> [YOUR TASK]: Leave the pictures out and quote only the lines from the one with "Gentlemans Longines 17" down to the end of the listing below.

> [DATA]:
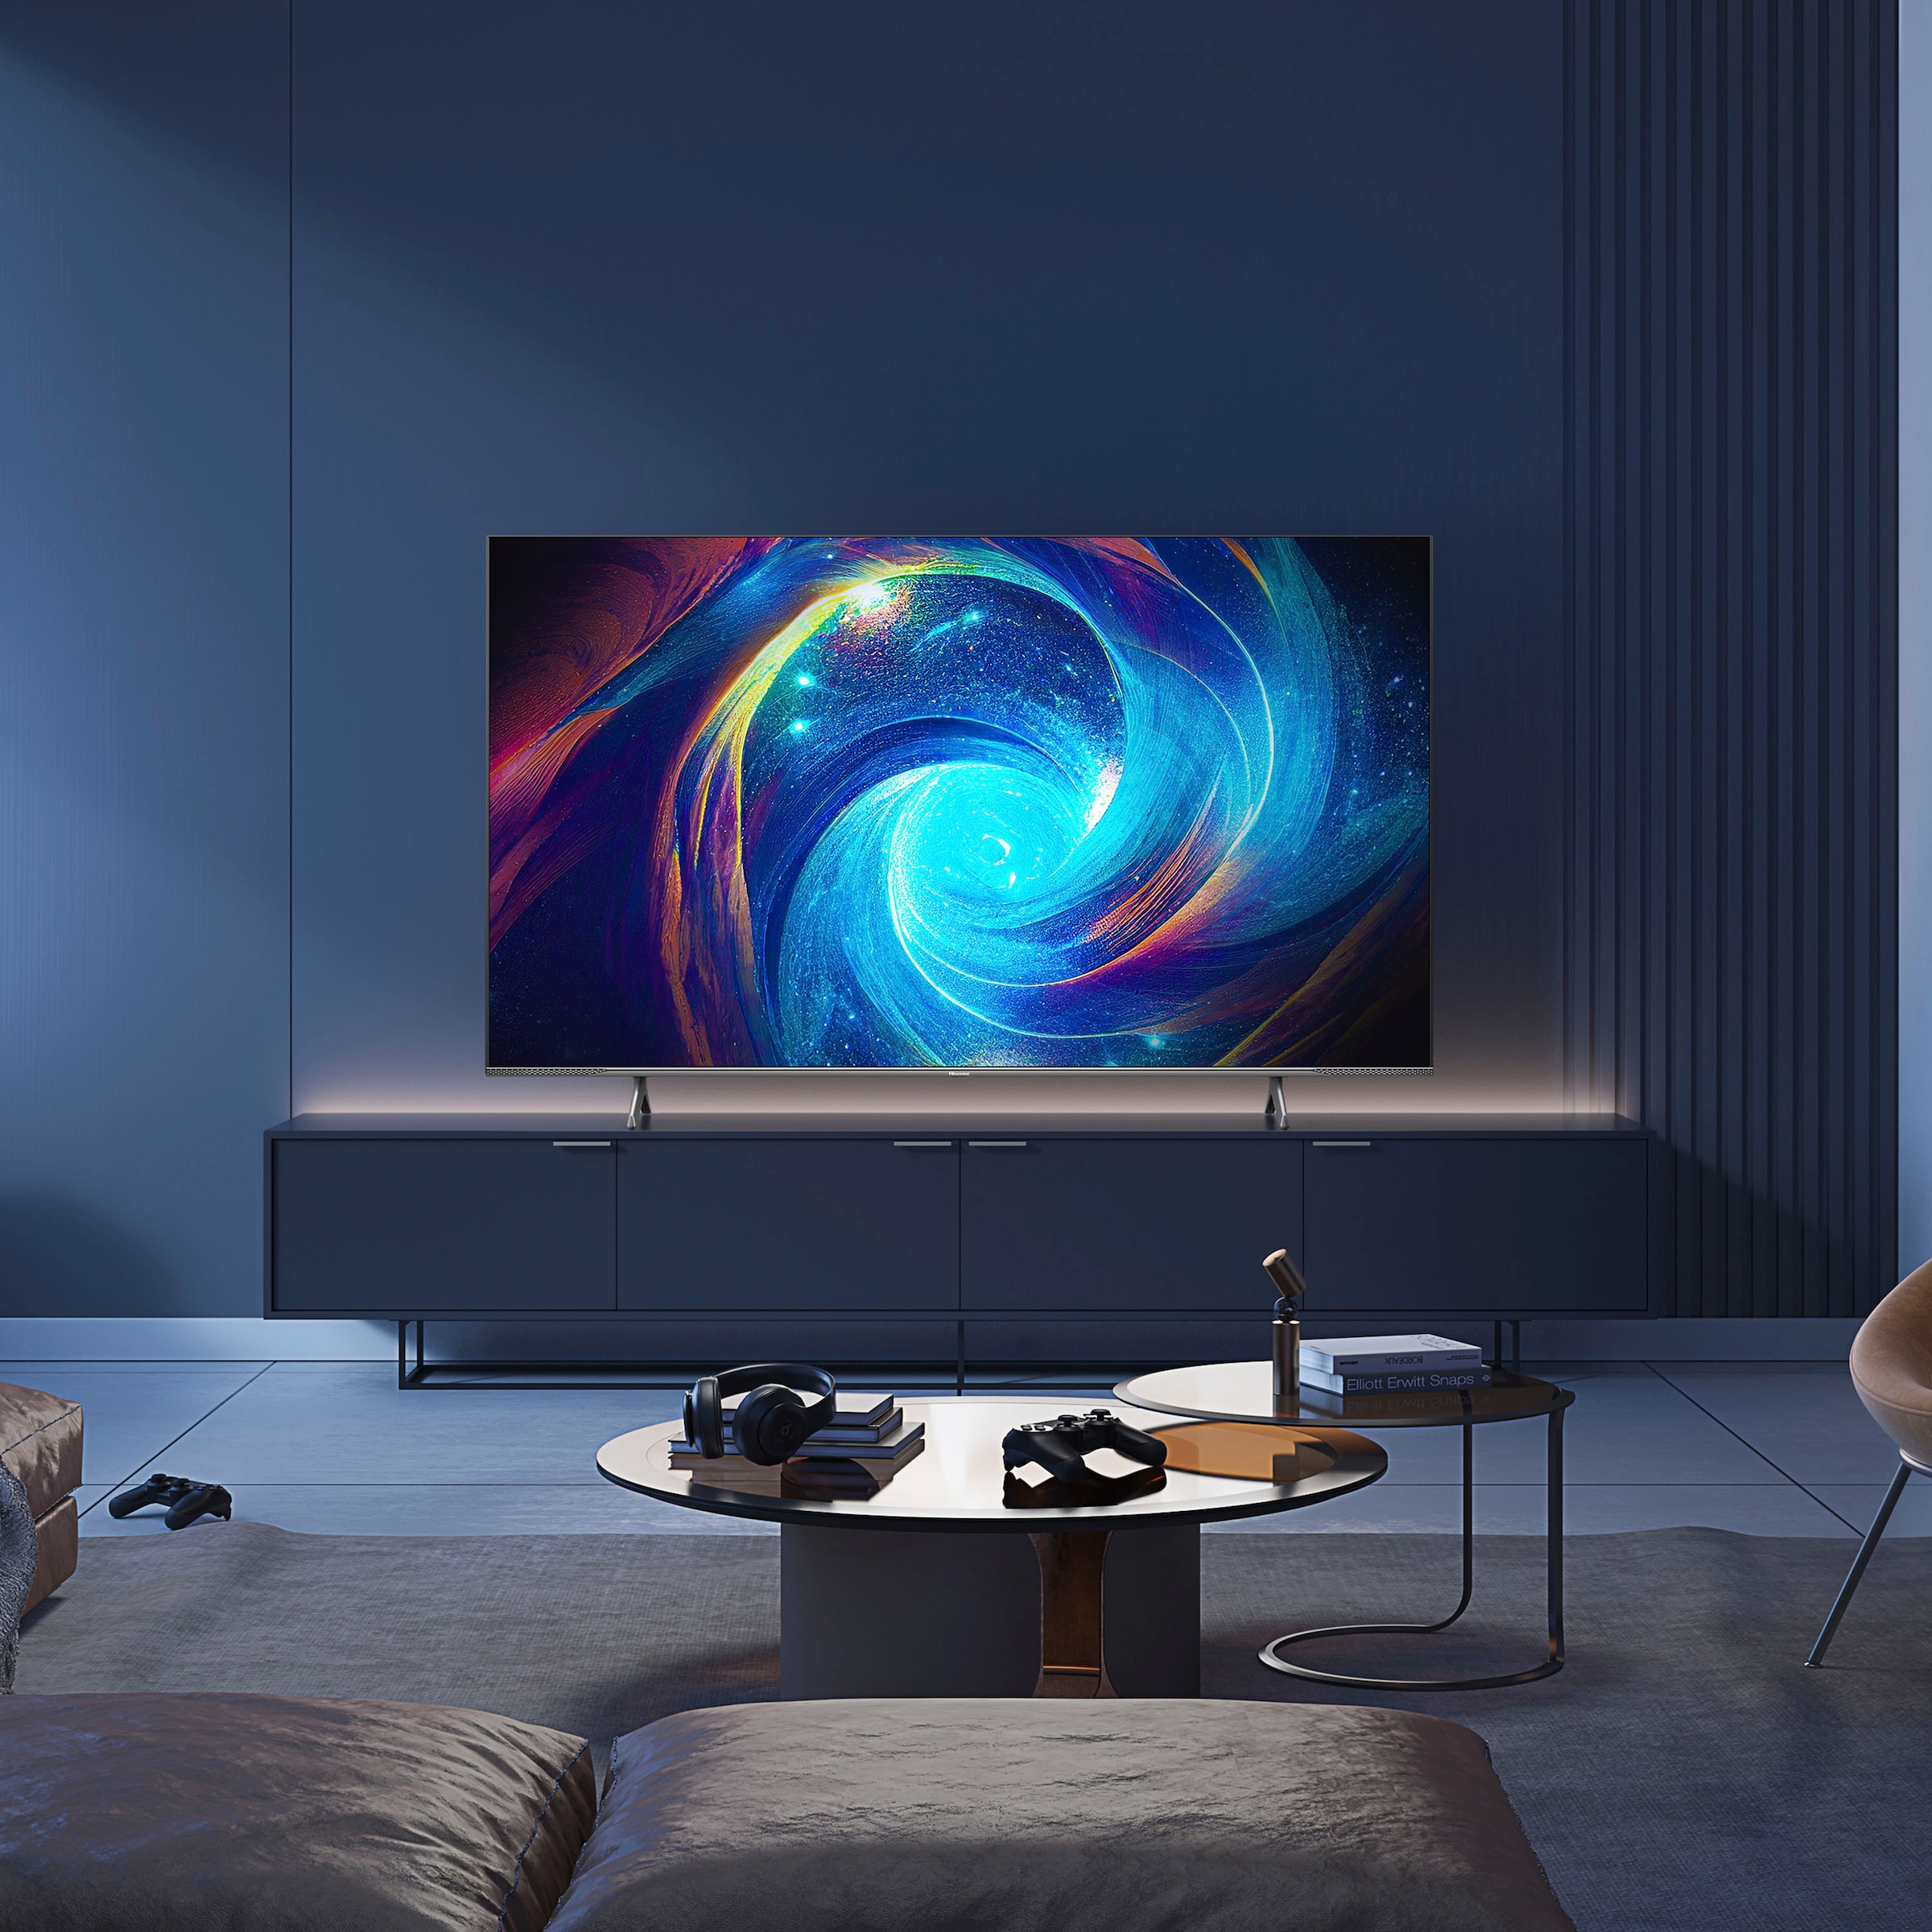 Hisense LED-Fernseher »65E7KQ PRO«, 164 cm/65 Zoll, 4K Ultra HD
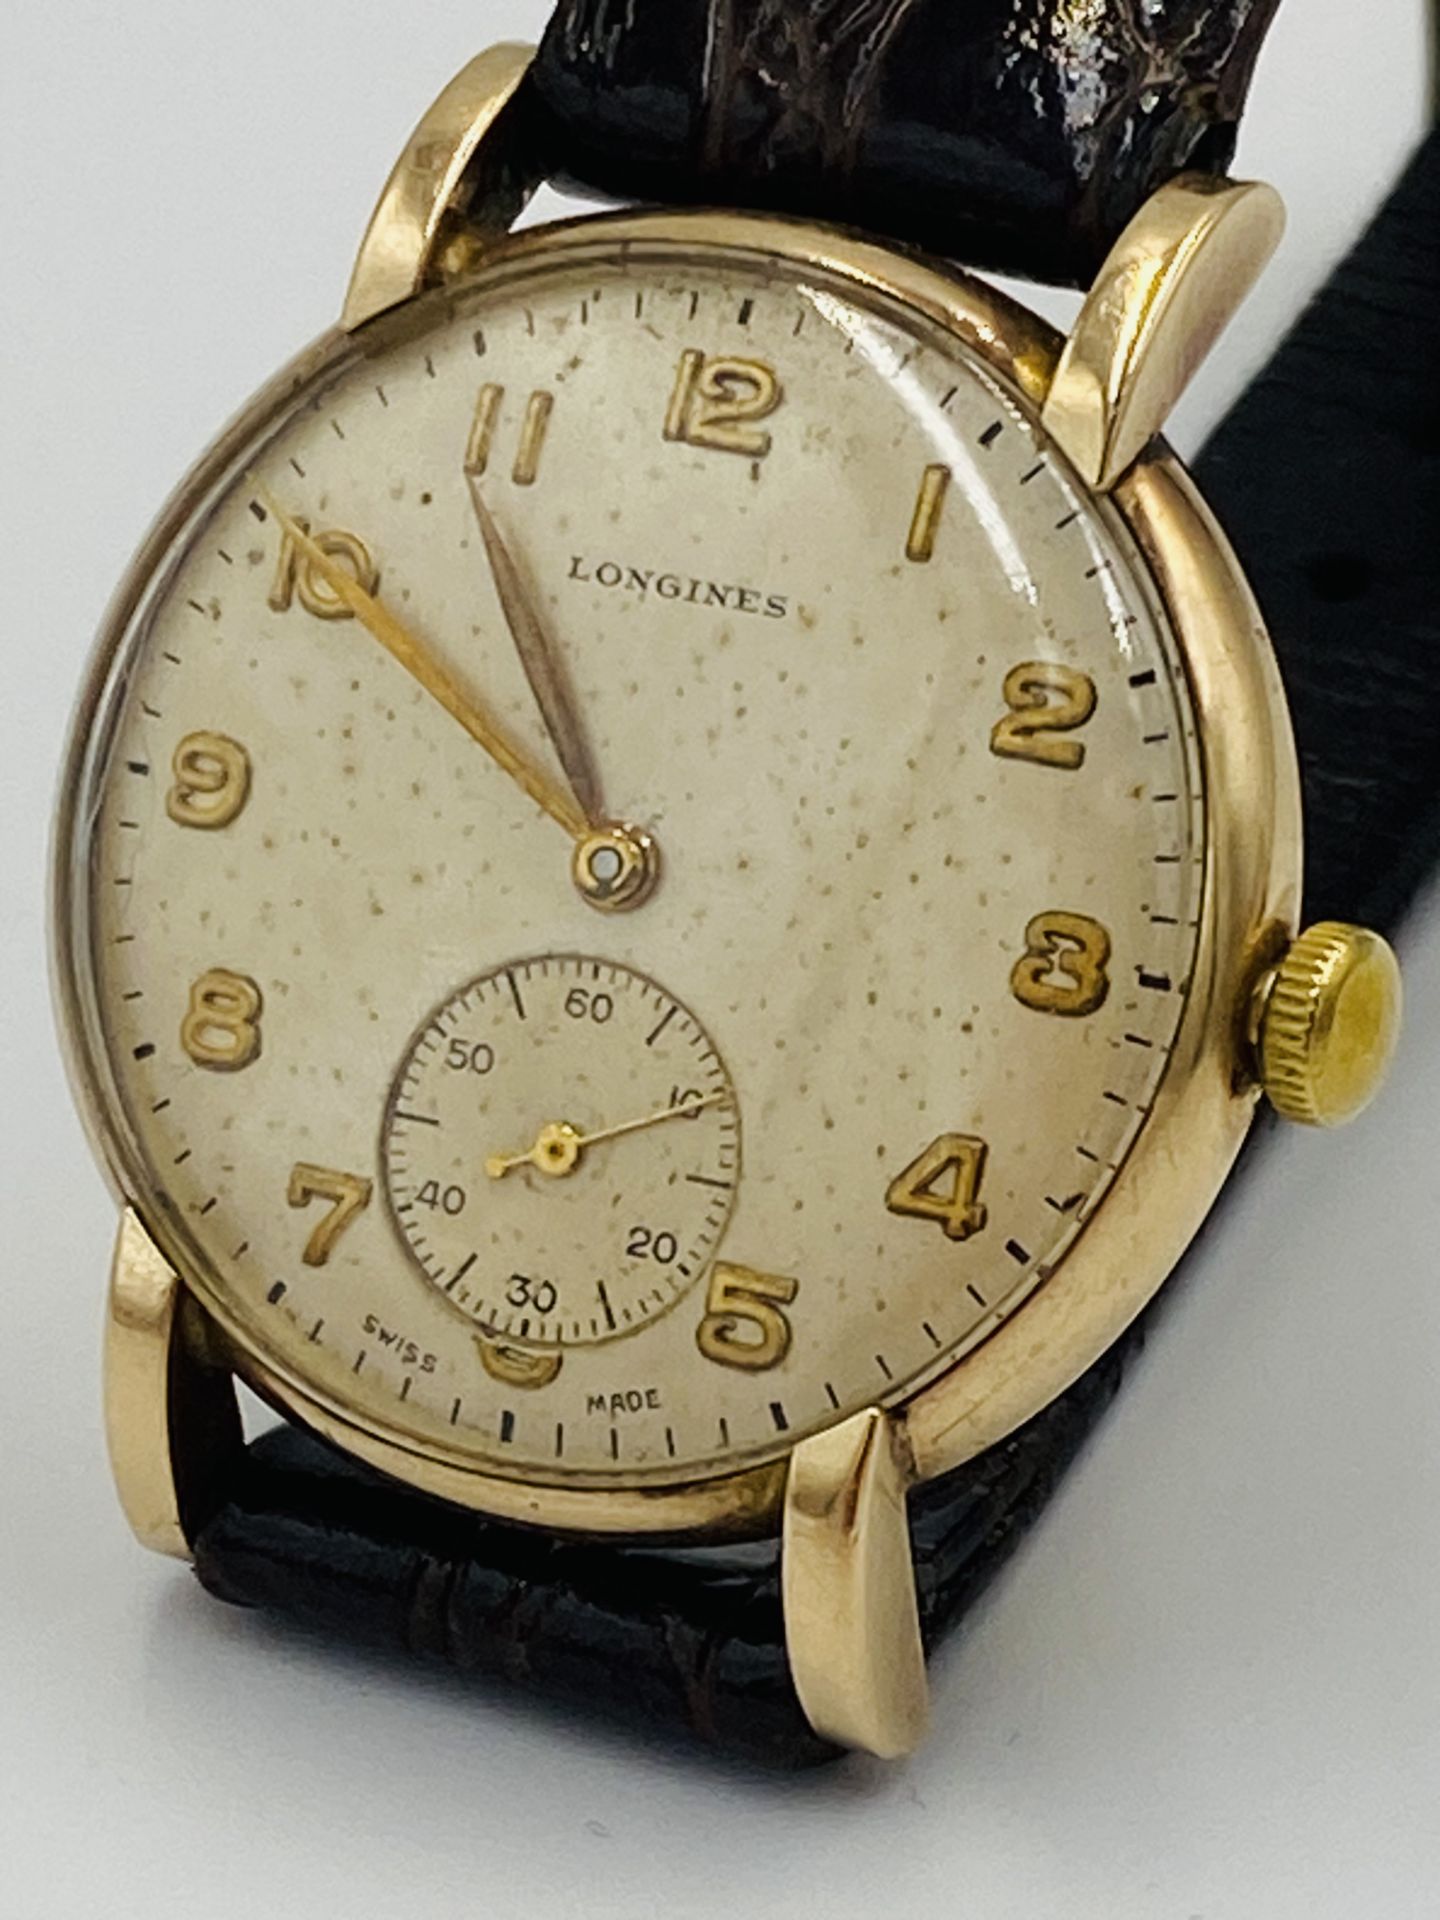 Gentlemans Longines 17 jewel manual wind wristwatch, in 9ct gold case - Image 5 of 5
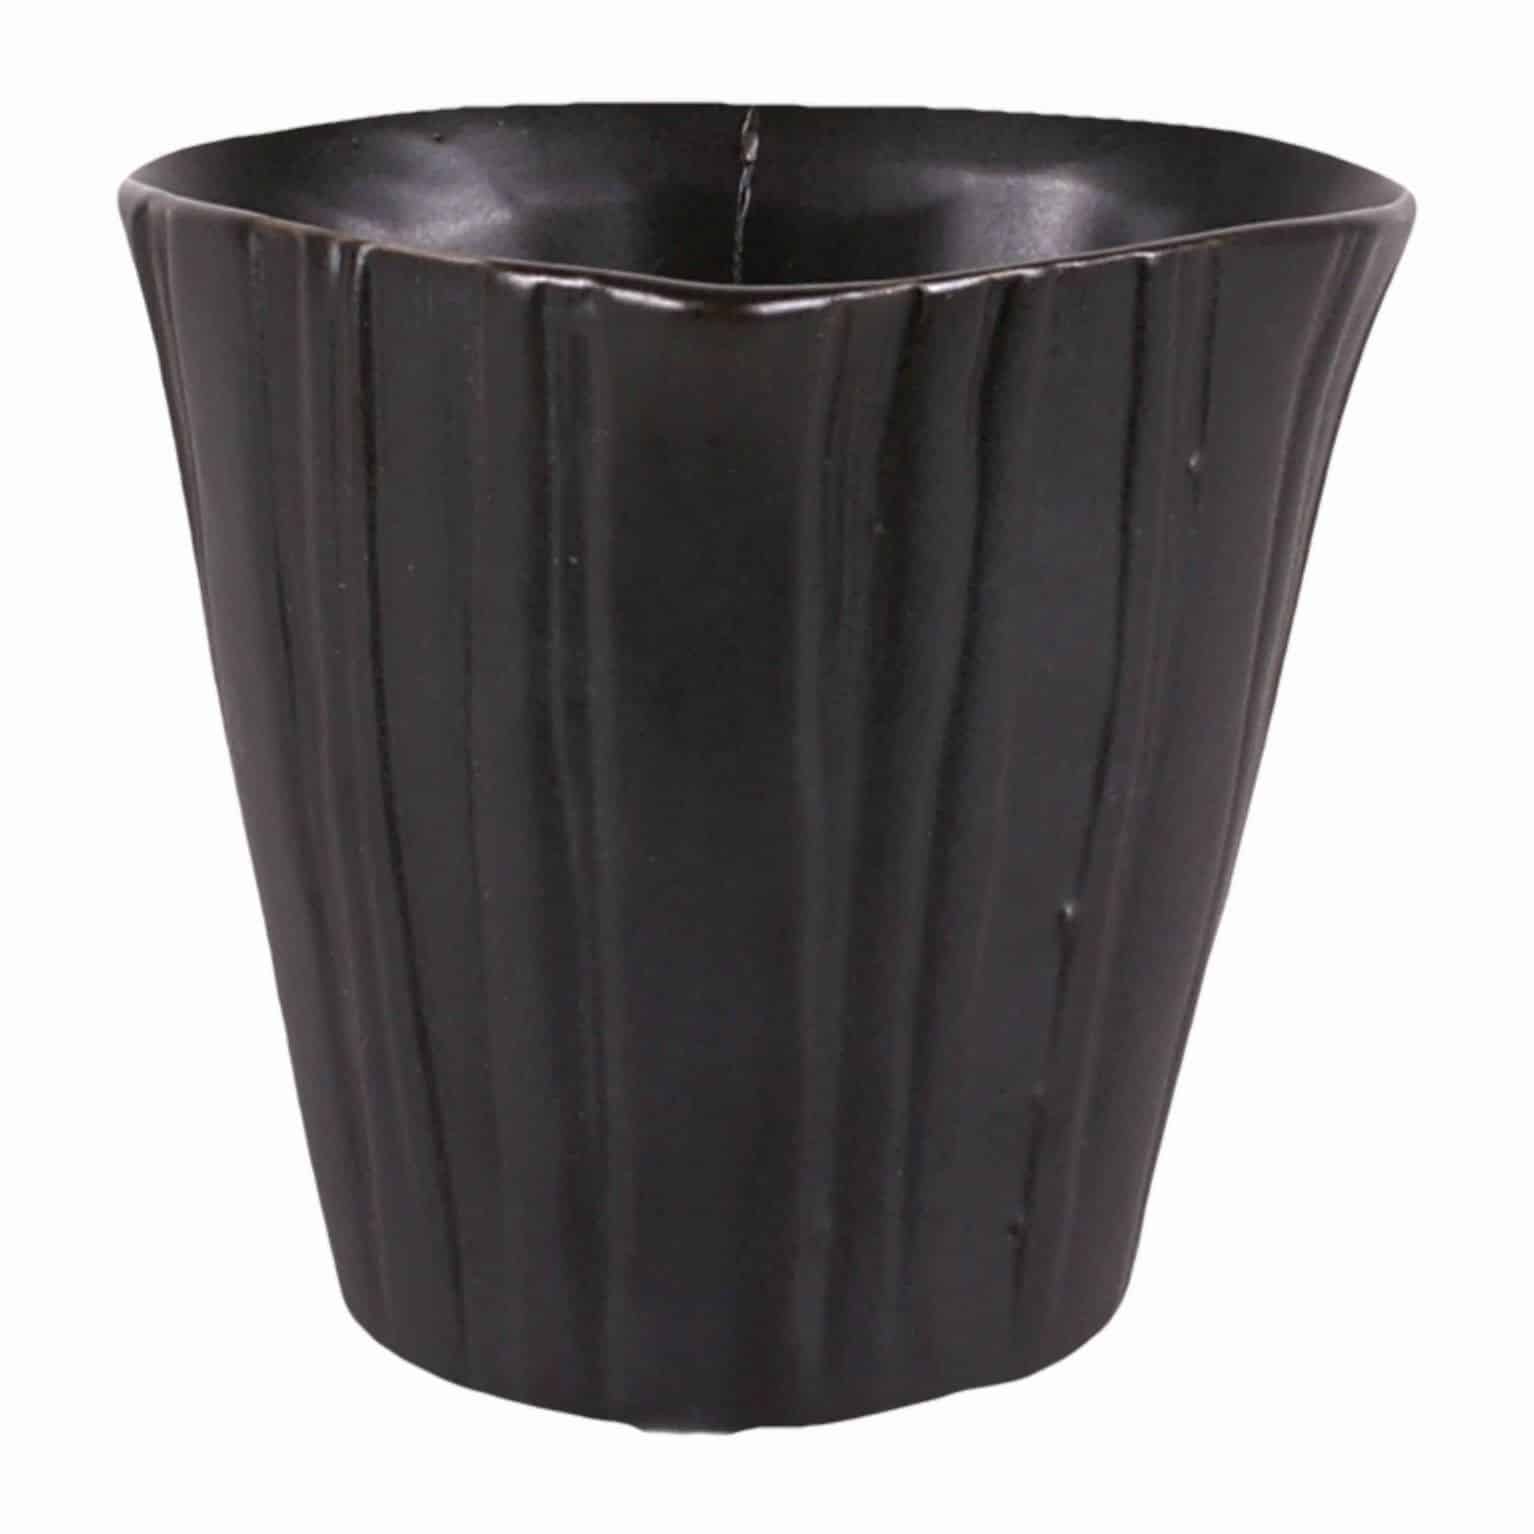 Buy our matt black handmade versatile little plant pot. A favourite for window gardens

> [EXERCISE SOLUTION]:
 Gentlemans Longines 17 jewel manual wind wristwatch, in 9ct gold case - Image 5 of 5
 Buy our matt black handmade versatile little plant pot. A favourite for window gardens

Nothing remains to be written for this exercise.